Vincent Bernat blogged on using Netfilter rulesets, pointing out that inserting the rules one-by-one using iptables calls may leave your firewall temporarily incomplete, eventually half-working, and that this approach can be slow.

He’s right with that, but there are tools that do this properly. ;-)

Some years ago, for a multi-homed firewall, I wrote a tool called Pyroman. Using rules specified either in Python or XML syntax, it generates a firewall ruleset for you.

But it also adresses the points Vincent raised:

  • It uses iptables-restore to load the firewall more efficiently than by calling iptables a hundred times
  • It will backup the previous firewall, and roll-back on errors (or lack of confirmation, if you are remote and use --safe)

It also has a nice feature for the use in staging: it can generate firewall rule sets offline, to allow you reviewing them before use, or transfer them to a different host.
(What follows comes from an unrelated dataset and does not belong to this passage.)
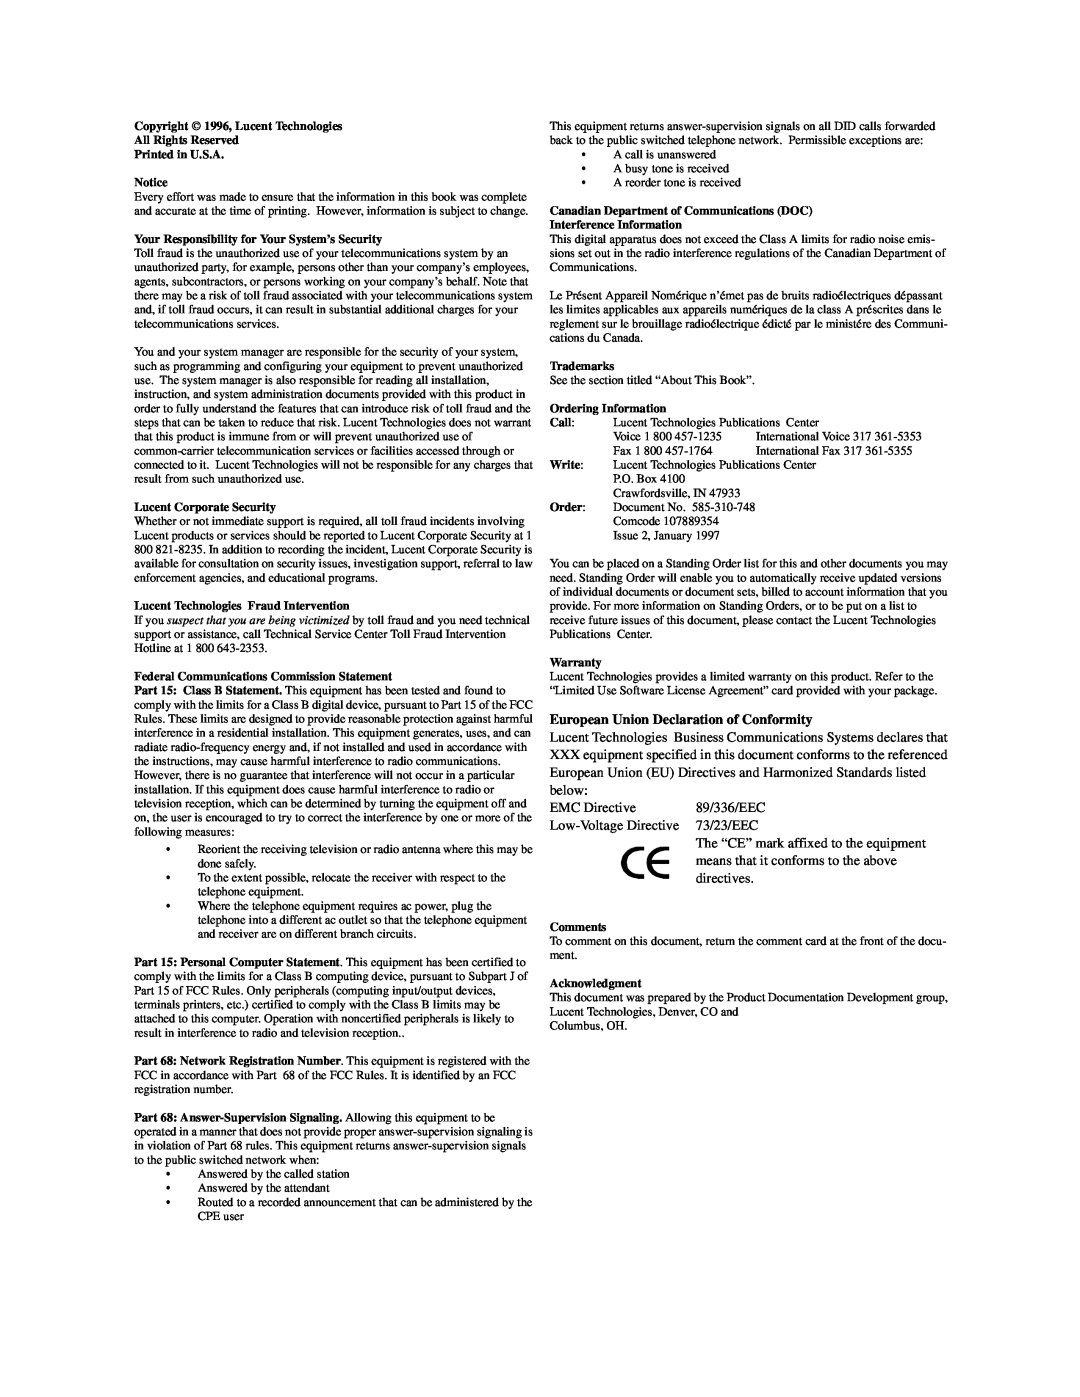 Lucent Technologies 585-310-748 manual European Union Declaration of Conformity, EMC Directive Low-VoltageDirective

Not all functionality is supported though (e.g. the Firewall.hostname constant usable in python conditionals will still be the name of the host you generate the rules on - you may want to add a --hostname parameter to pyroman)

pyroman --print-verbose will generate a script readable by iptables-restore except for one problem: it contains both the rules for IPv4 and for IPv6, separated by #### IPv6 rules. It will also annotate the origin of the rule, for example:

# /etc/pyroman/02_icmpv6.py:82
-A rfc4890f -p icmpv6 --icmpv6-type 255 -j DROP

indicates that this particular line was produced due to line 82 in file /etc/pyroman/02_icmpv6.py. This makes debugging easier. In particular it allows pyroman to produce a meaningful error message if the rules are rejected by the kernel: it will tell you which line caused the rule that was rejected.

For the next version, I will probably add --output-ipv4 and --output-ipv6 options to make this more convenient to use. So far, pyroman is meant to be used on the firewall itself.

Note: if you have configured a firewall that you are happy with, you can always use iptables-save to dump the current firewall. But it will not preserve comments, obviously.